COLLECTED DATA:
==================================================

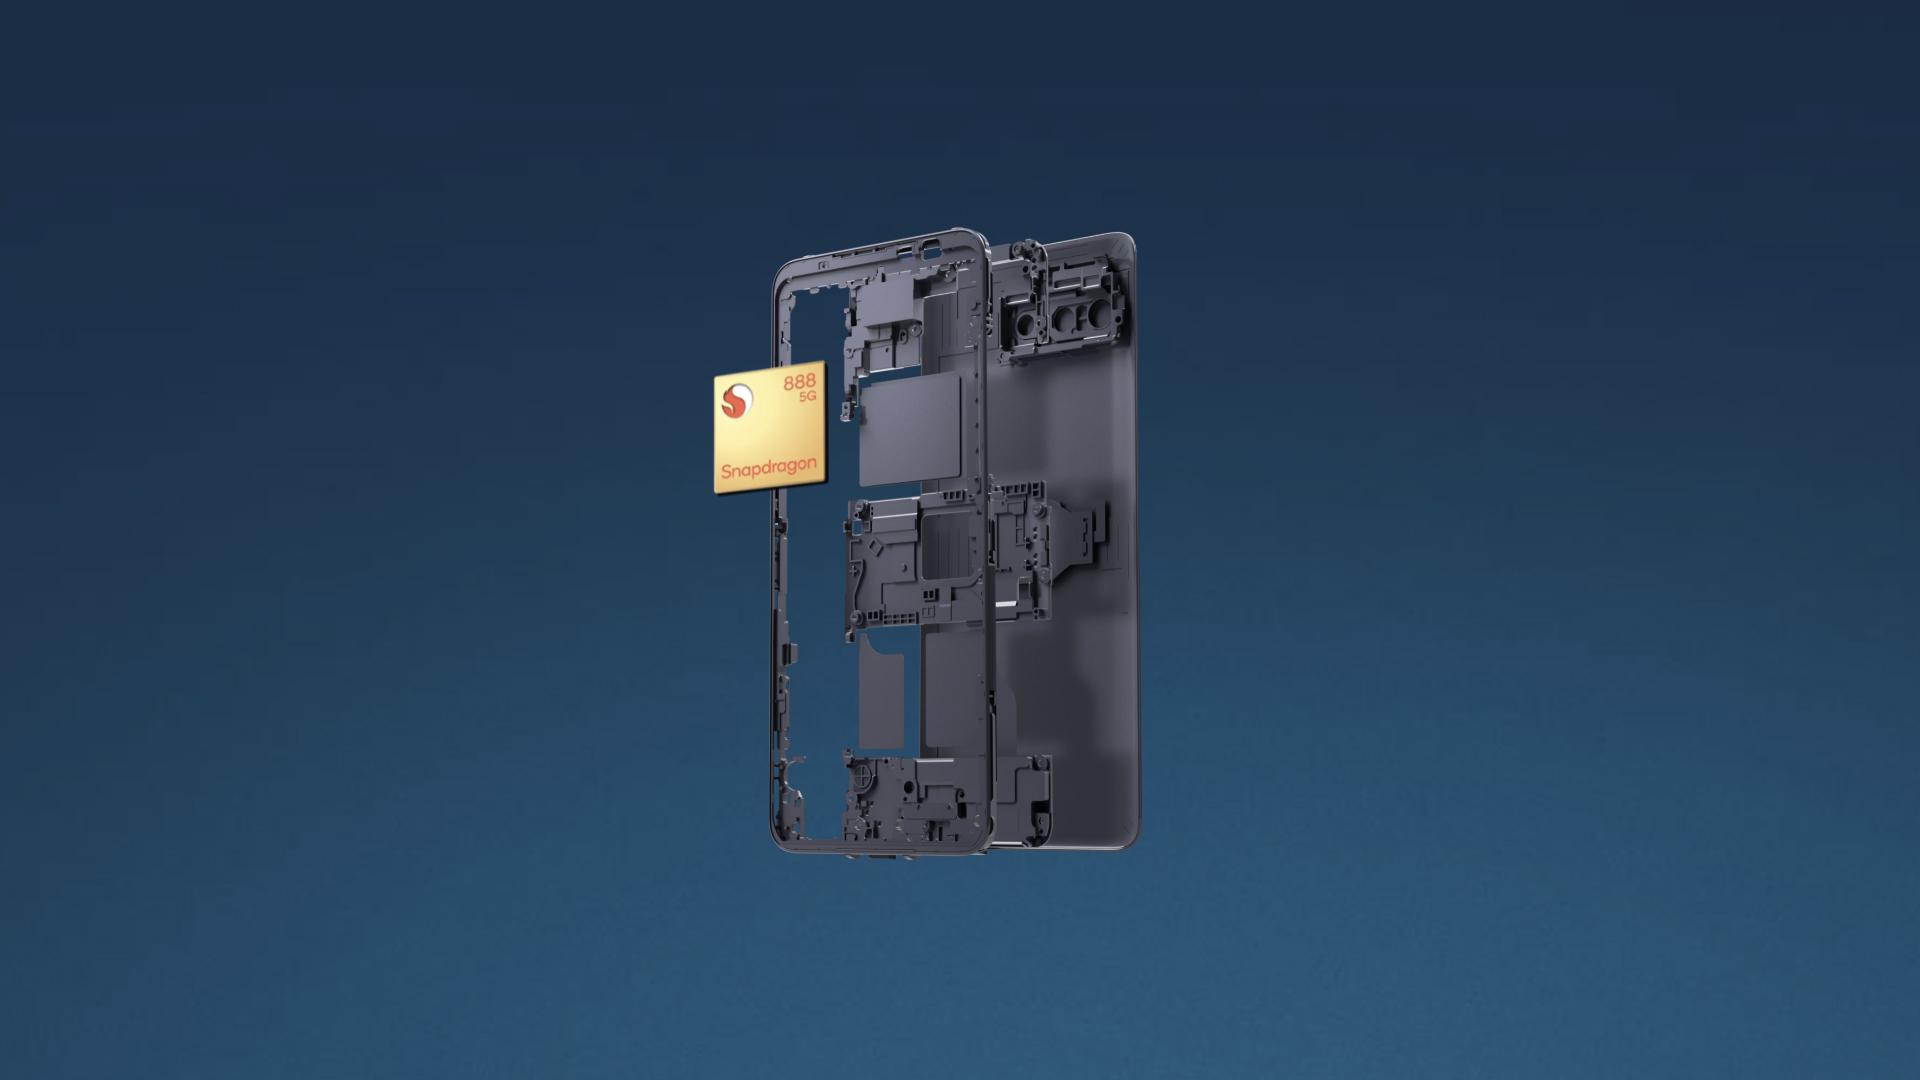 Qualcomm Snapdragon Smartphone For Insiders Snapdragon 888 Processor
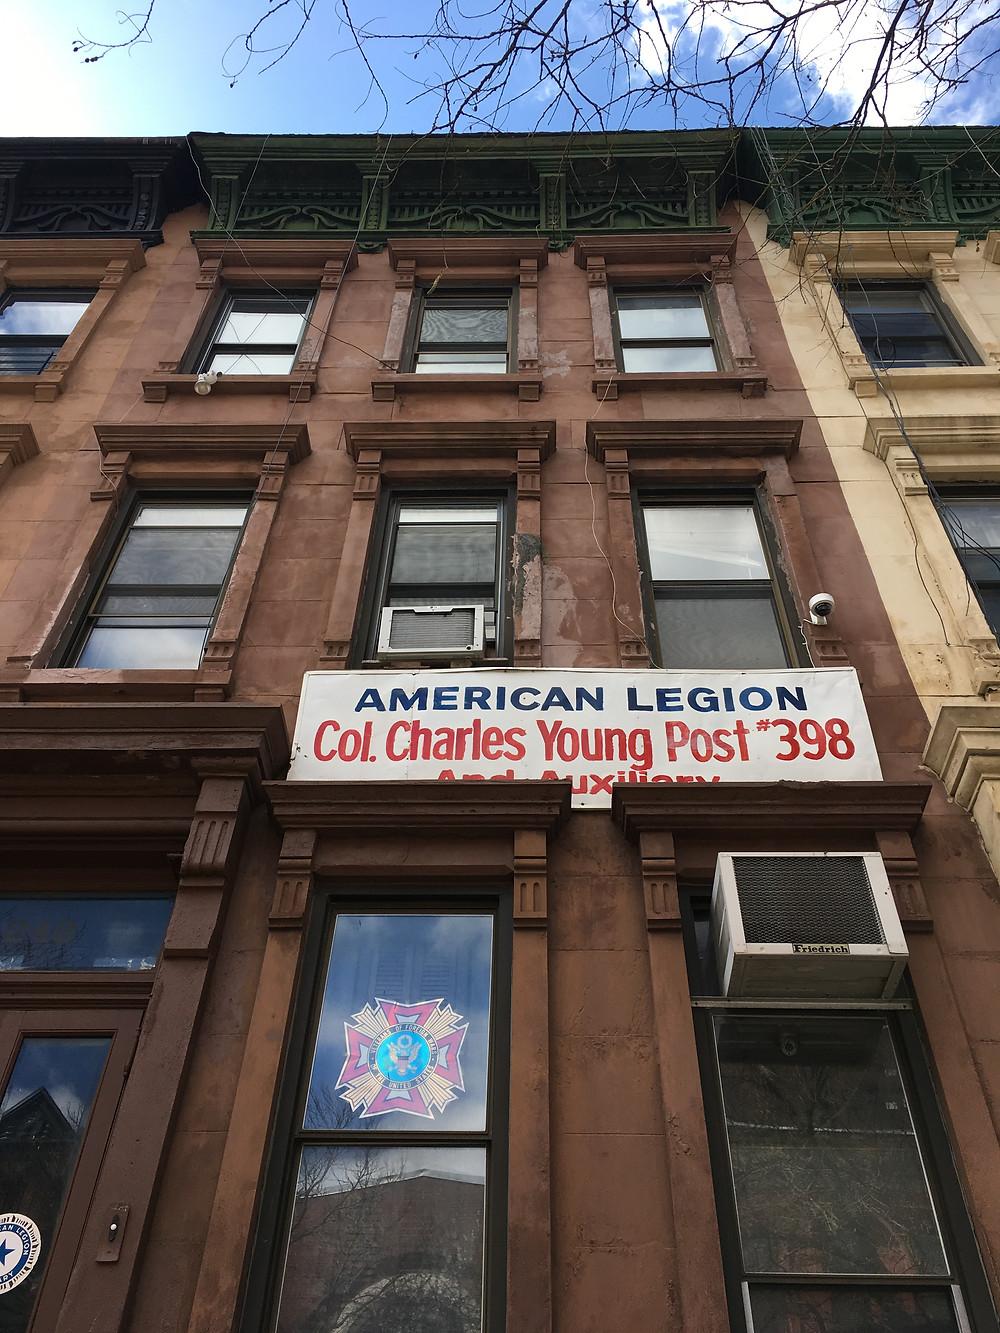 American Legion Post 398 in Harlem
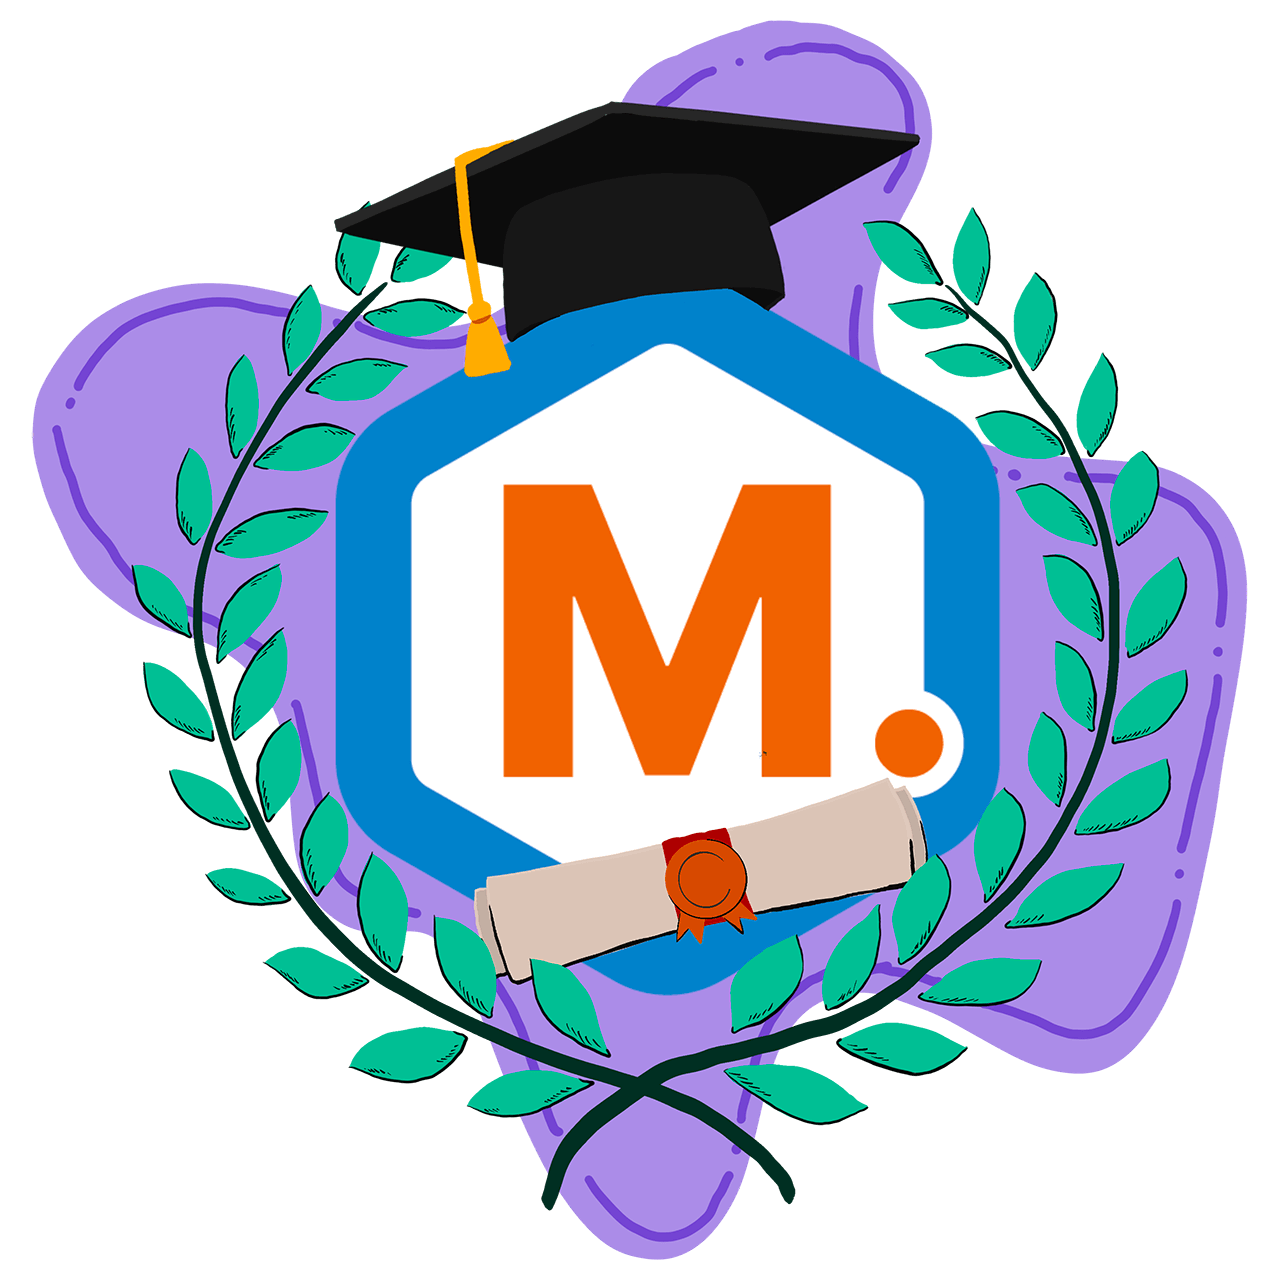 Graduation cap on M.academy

==================================================

YOUR TASK: Print the whole listing again exactly, please. No pictures.

ANSWER SPACE:
 Qualcomm Snapdragon Smartphone For Insiders Snapdragon 888 Processor
 American Legion Post 398 in Harlem
 Graduation cap on M.academy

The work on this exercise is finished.